Misunderstanding 1: machine learning in network security is a new thing.
For some reason, artificial intelligence technology in network security has become popular in the past. If you haven't followed this topic for a long time, you may think it's something new.
Some scenarios: the first machine learning algorithm, artificial neural network, was invented in the 1950s.
Interestingly, at that time, it was thought that the algorithm would soon lead to the emergence of "strong" artificial intelligence.
That is, intelligent thinking ability, independent thinking and artificial intelligence that can solve those default programming out-of-program tasks.
But then came the era of "weak" artificial intelligence, which can solve some creative tasks, such as identifying pictures, predicting the weather, playing chess and so on.
Sixty years from now, we will have a better understanding of some basic facts, when the real artificial intelligence may have emerged, and the artificial intelligence we are talking about now is actually more accurately machine learning.

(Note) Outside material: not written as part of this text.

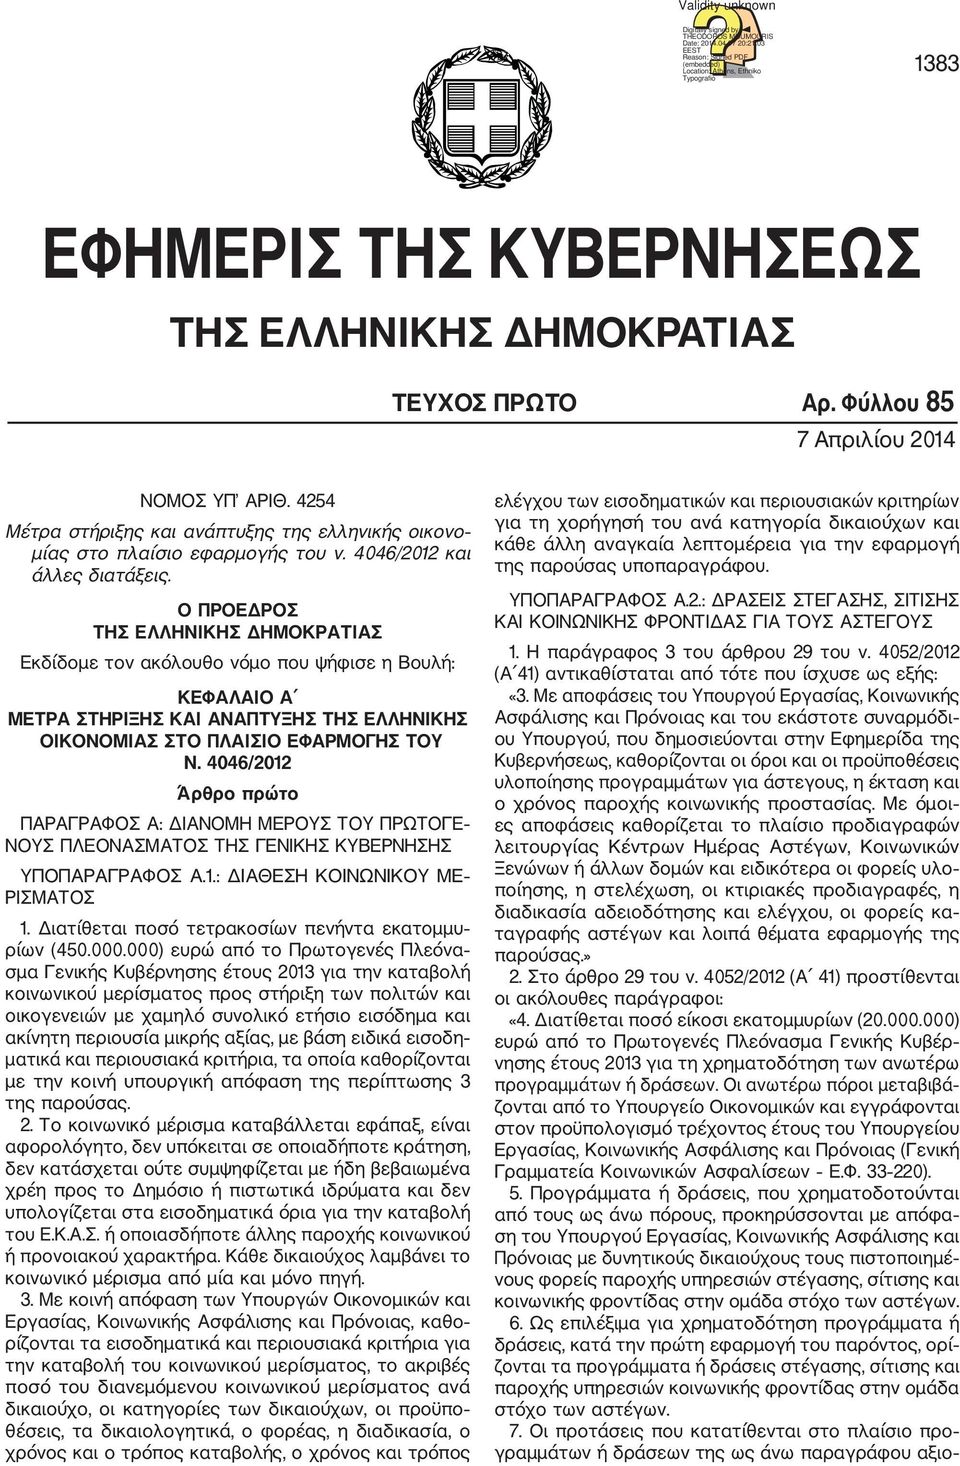 4254 Μέτρα στήριξης και ανάπτυξης της ελληνικής οικονο μίας στο πλαίσιο εφαρμογής του ν. 4046/2012 και άλλες διατάξεις.

When it comes to the field of network security, machine learning is nothing new. Such algorithms were proposed about a decade ago, when the number of new malware doubled every two years.
But simple automation is not enough for virus analysts, it requires a qualitative leap.
This leap occurs when dealing with virus family samples, where machine learning can be used to search for files similar to the samples that have been identified.
In the end, it was up to people to judge whether a file was malicious or not, but the work was quickly transferred to the machine.
In other words, machine learning is nothing new in the cyber security industry.
Misunderstanding 2: machine learning in network security is simple and straightforward-everything is ready-made.
In some areas, it is true that machine learning has algorithms that have been prepared for a long time. These areas include facial recognition, emotional recognition or distinguishing cats from dogs.
In this case, there are usually some people who do a lot of thinking, determine the necessary identification, select the appropriate mathematical tools, set up the necessary computing resources, and then publish their research results.
Now, everyone who does this work can take advantage of these algorithms.
This leads to the wrong impression that an algorithm to detect malware already exists.
In fact, this is not the case. we spent more than a decade developing this technology at Kaspersky Lab and applied for a lot of patents.
Our ongoing research and coming up with new ideas also have something to do with the next misunderstanding.
Myth 3: machine learning-- just do it once
The conceptual difference between malware detection and face recognition is that the face is always the face, and there will never be any change in this respect.
In most areas where machine learning is used, the purpose does not change over time, but in the area of malware detection, things are changing constantly and rapidly.
Because cyber criminals are often highly motivated people, for money, espionage, terrorism and so on.
Their intelligence is not limited by manpower, and they actively attack and deliberately modify malicious programs to get rid of the detection of existing mature models.
This is why these models need to be constantly learned, revised, and even knocked down. Obviously, in the face of rapidly changing malware, security solutions based on no anti-virus database model are worthless.
When necessary, cyber criminals can respond with creative thinking.
Myth 4: you can let security software learn on the client side.
For example, when dealing with client files, the vast majority of files are secure and only a few are malicious.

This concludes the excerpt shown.